On 7 November 1999 the merchant freighter Dole America, carrying a cargo of bananas and pineapples, hit the Nab at 4:02. The ship was badly damaged and may have sunk if it hadn't been run aground. The base of the tower suffered superficial and internal damage. The damage was repaired in 2001.

The tower was featured as the main setting of the 1951 Hammer thriller The Dark Light.

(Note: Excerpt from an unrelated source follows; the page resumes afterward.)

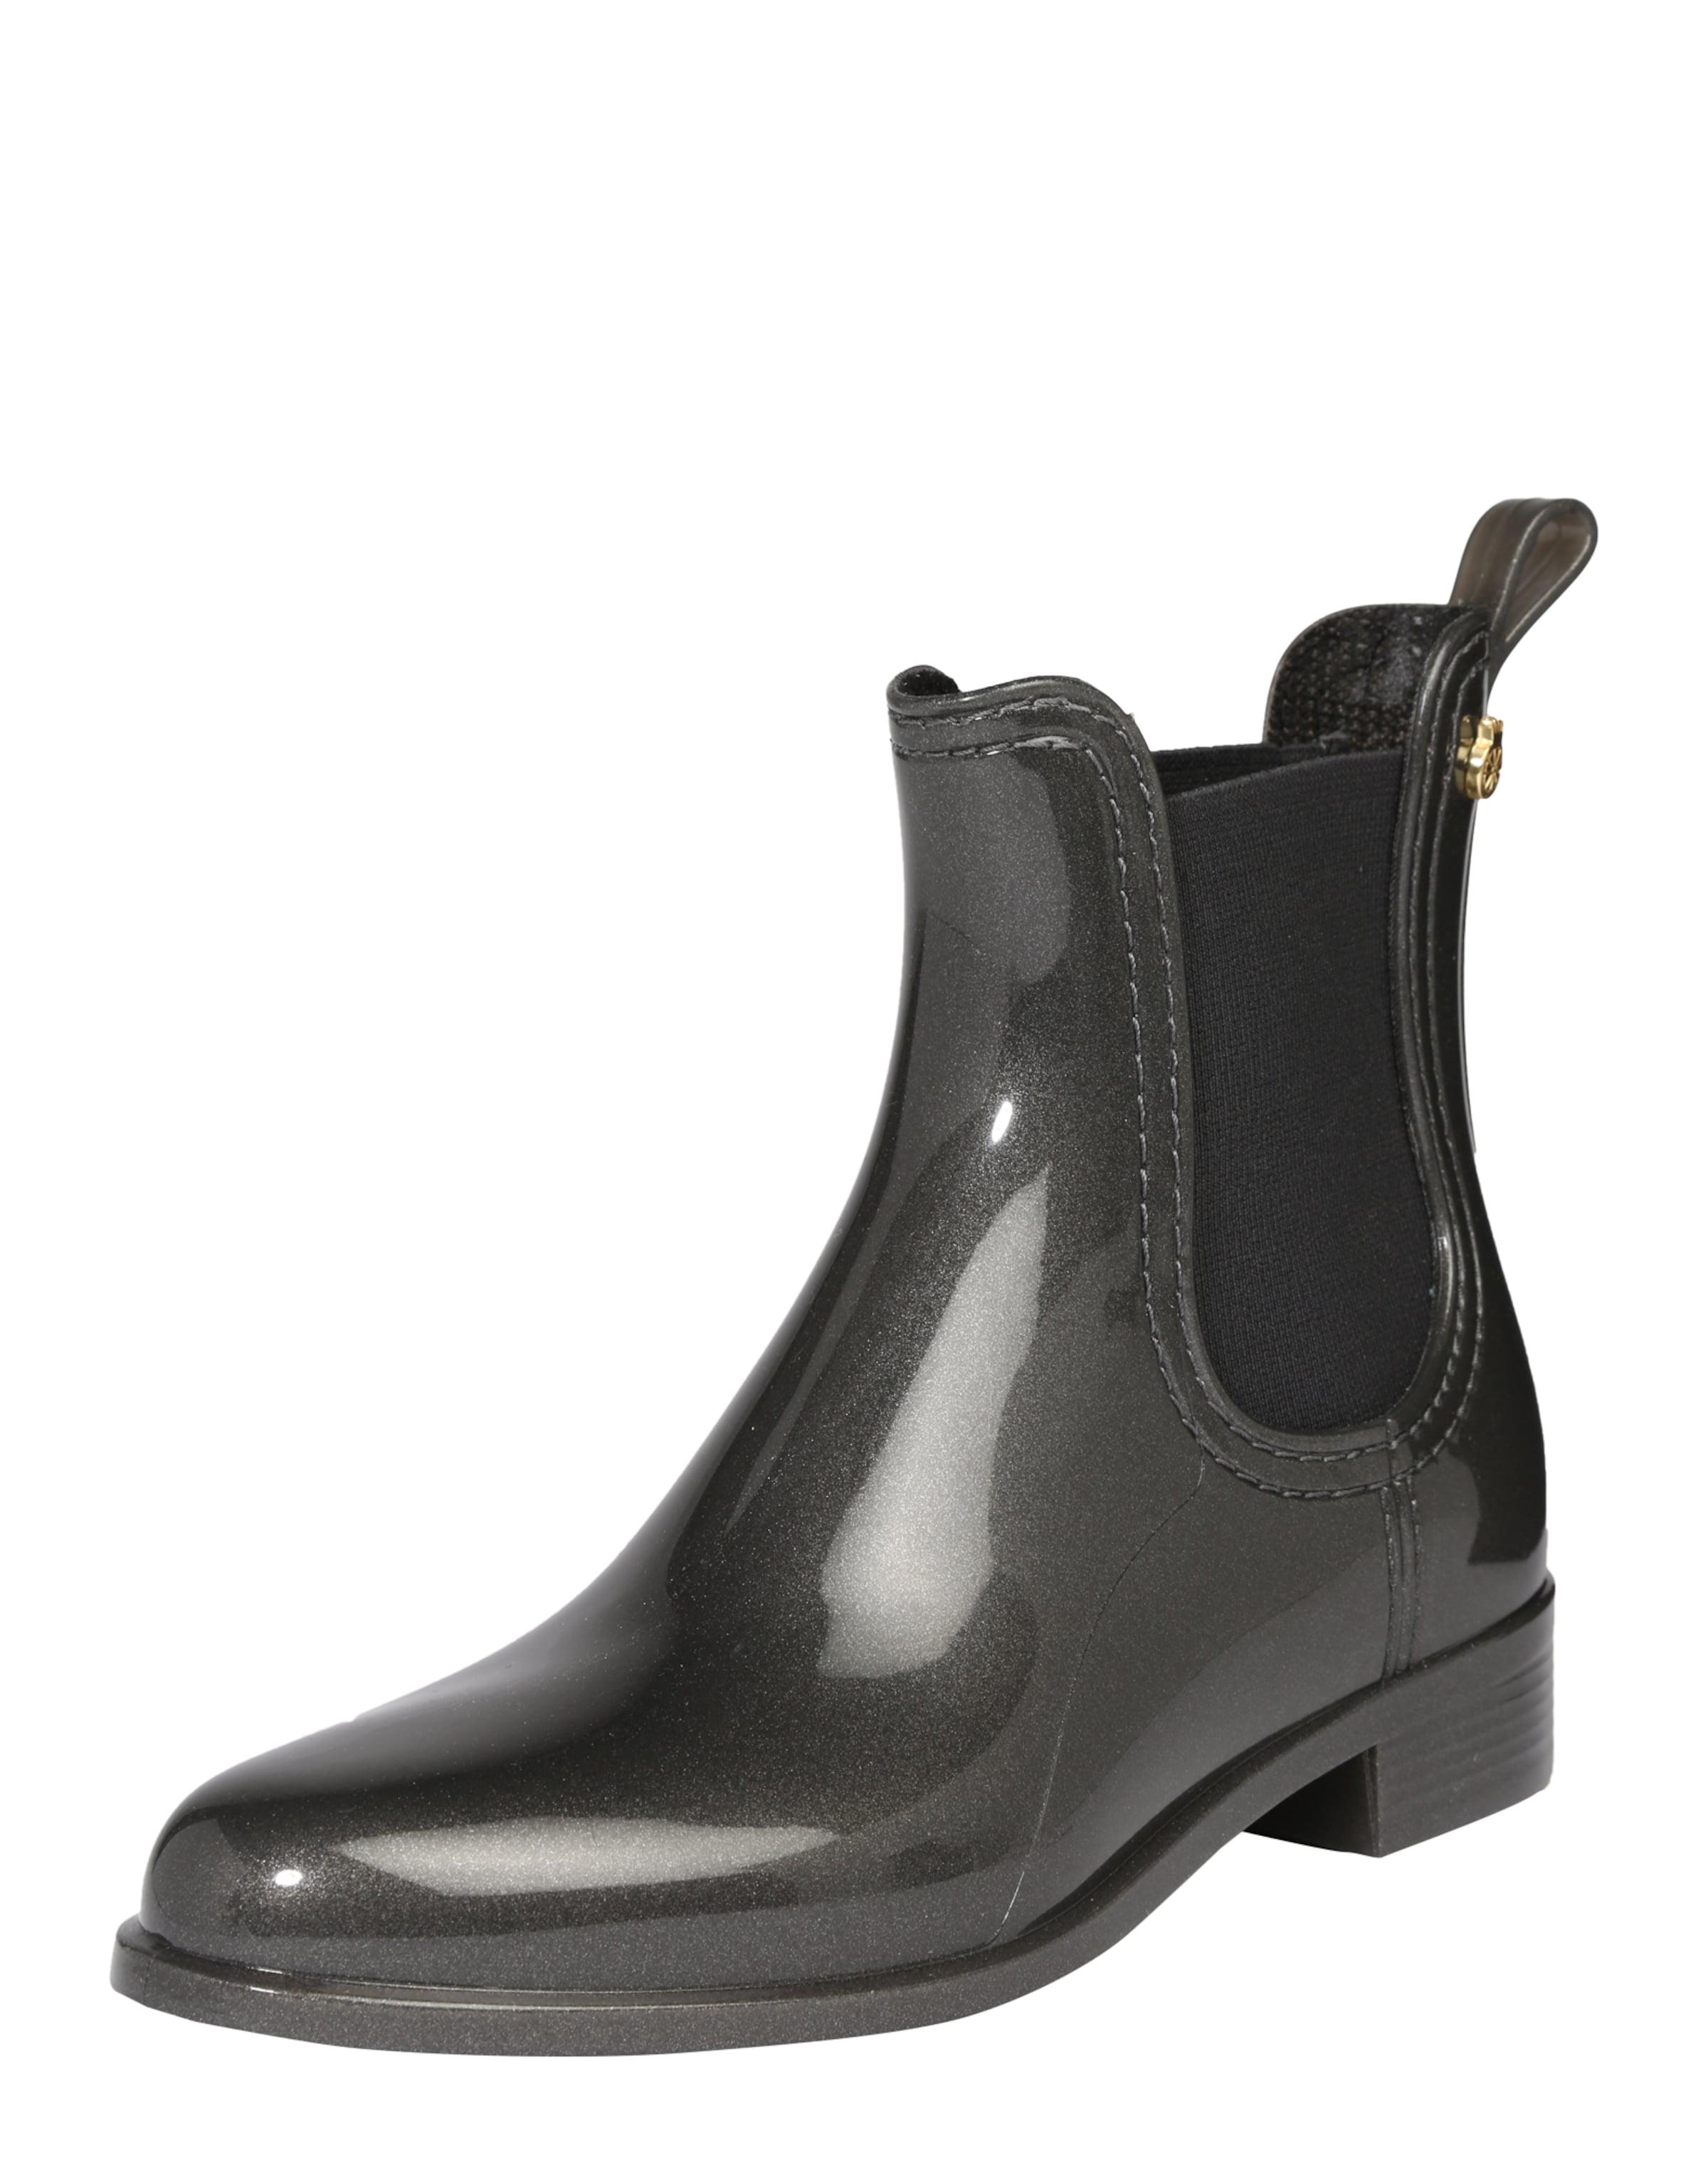 LEMON JELLY Gummistiefel Comfy Verschleißfeste billige Schuhe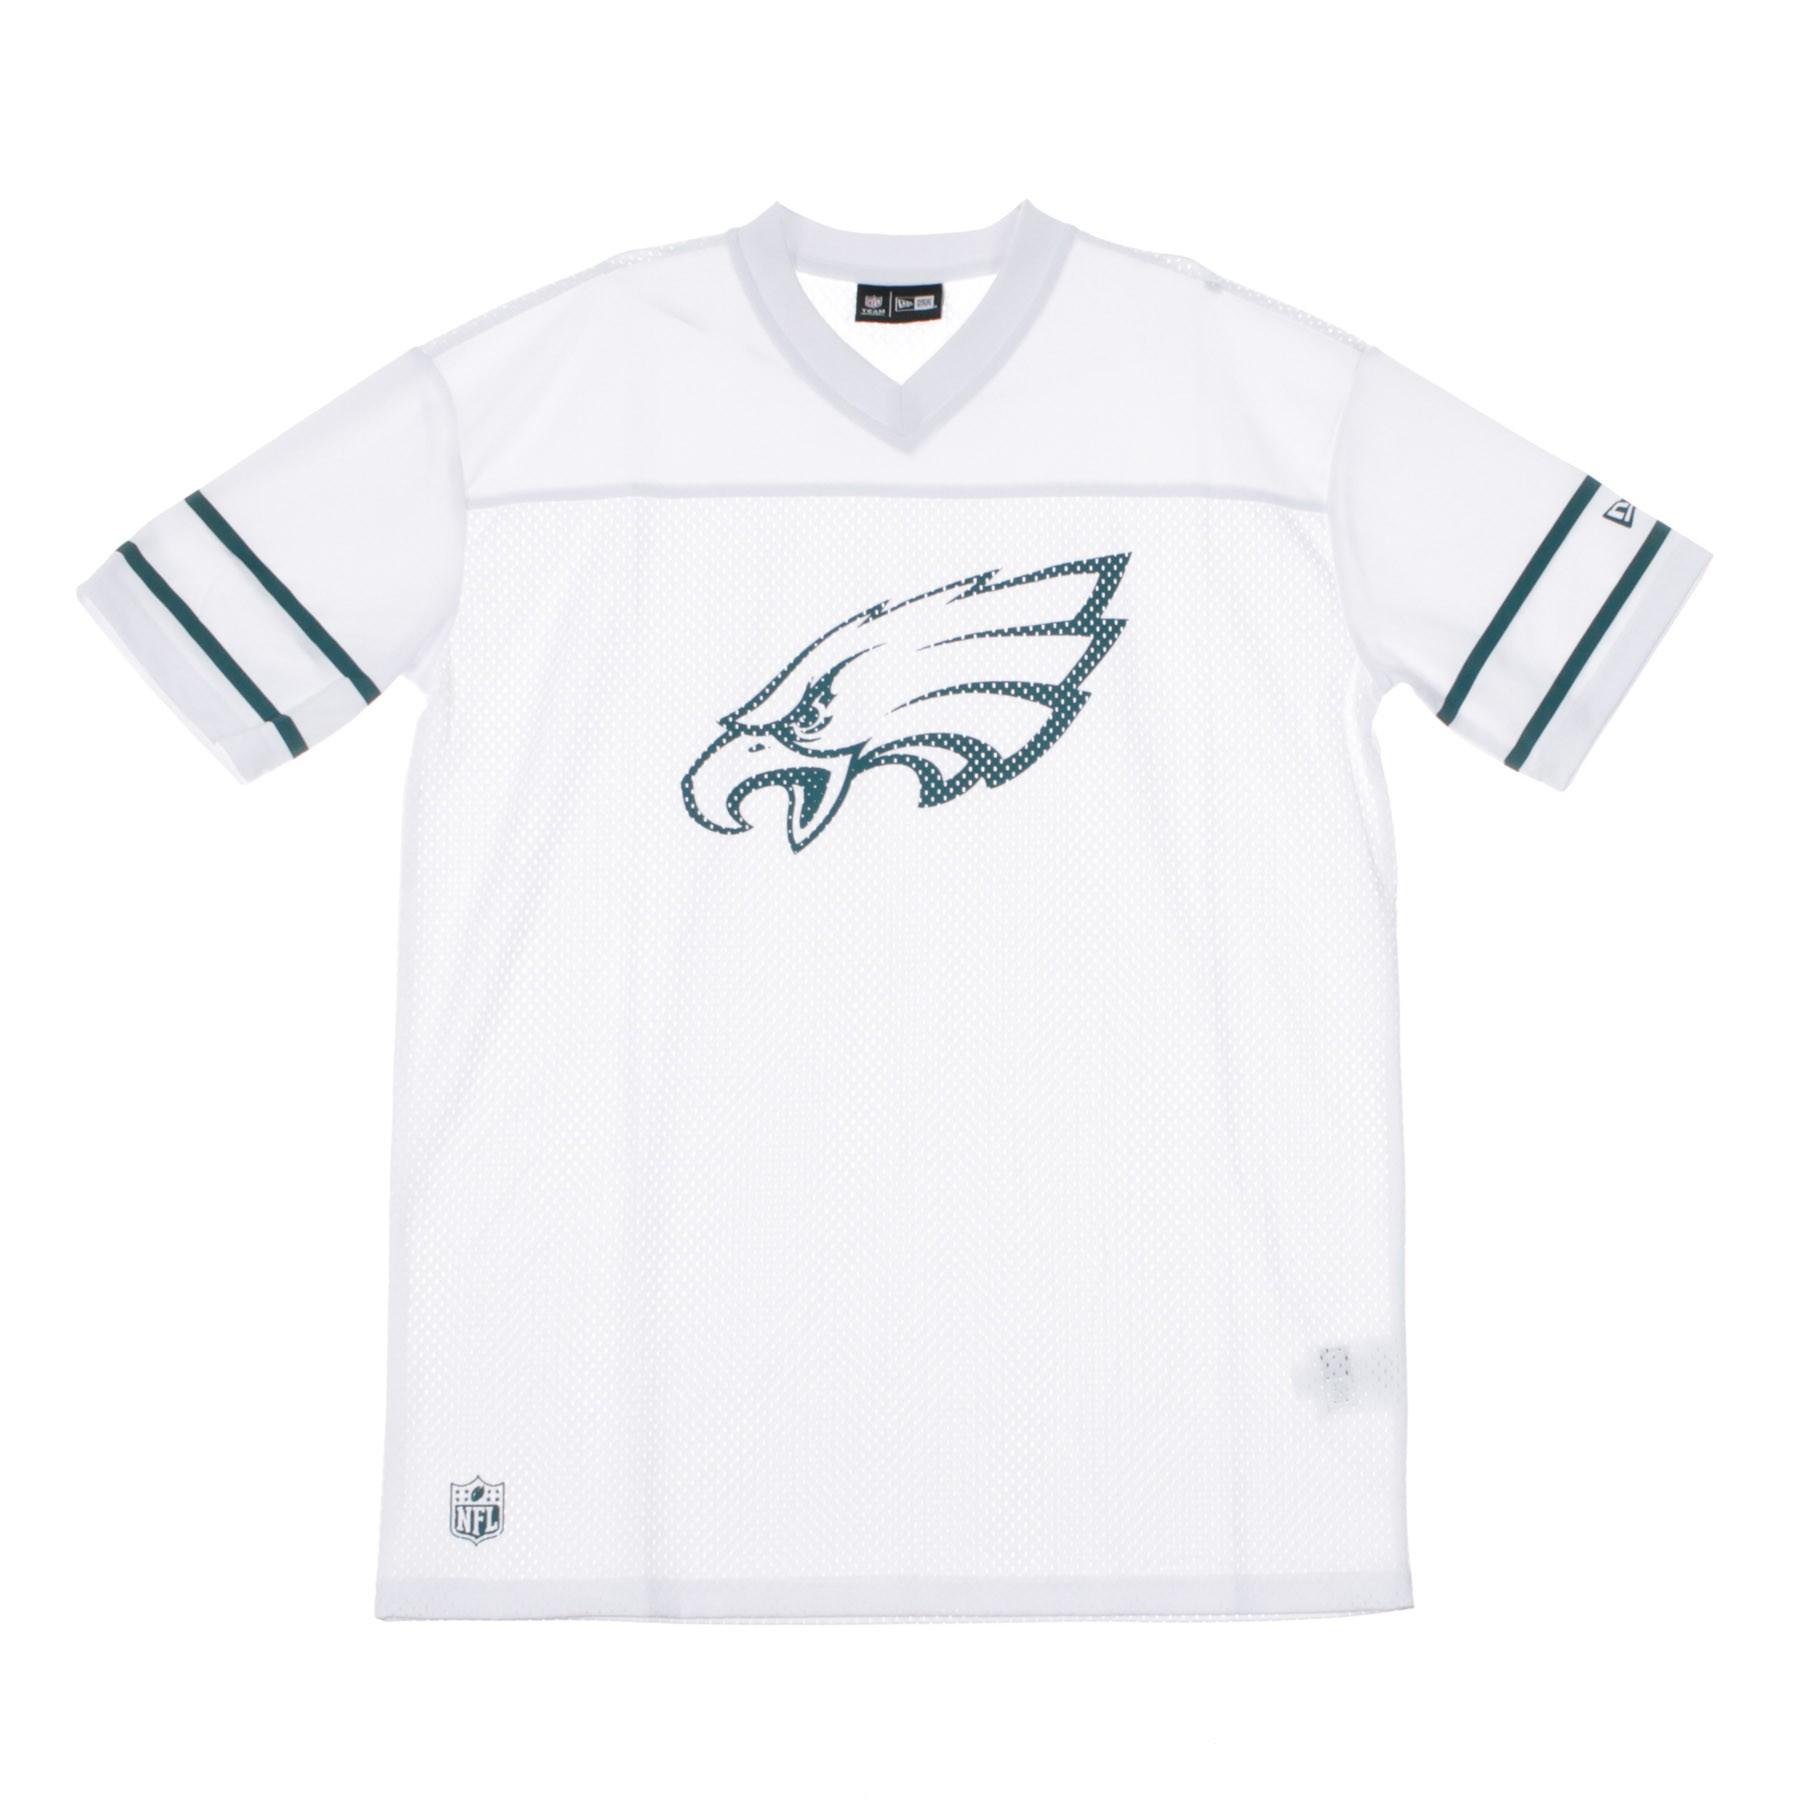 NEW Era NFL MAGLIA JERSEY SHIRT-Philadelphia Eagles

==Major refurbishment in 2013==
In 2013, Trinity House commissioned BAM Nuttall to undertake a major refurbishment programme due to extensive corrosion of the upper levels, meaning it was unsafe to land helicopters on the helipad. Partial dismantling of the structure followed, undertaken with the help of a tower crane, which was installed within a former ammunition shaft. The height of the tower was reduced from 27 metres to 17, all external steel and cladding were removed, and the existing concrete sub-structure was coated in a new layer of gun-applied concrete. On completion, new AIS and RACON beacons were fitted, along with a fixed main LED light (and identical standby light) with a 12 nautical mile range; a new fog signal was also installed, sounding two blasts every 30 seconds (altered to one blast in 2022). All are solar powered.

The distinctive red lantern structure, removed as part of the refurbishment, is now on display at Hurst Castle, together with the old rotating beacon. In addition, a pair of rotating 4th-order dioptric optics, which were in use on the tower prior to automation, is also displayed at the castle.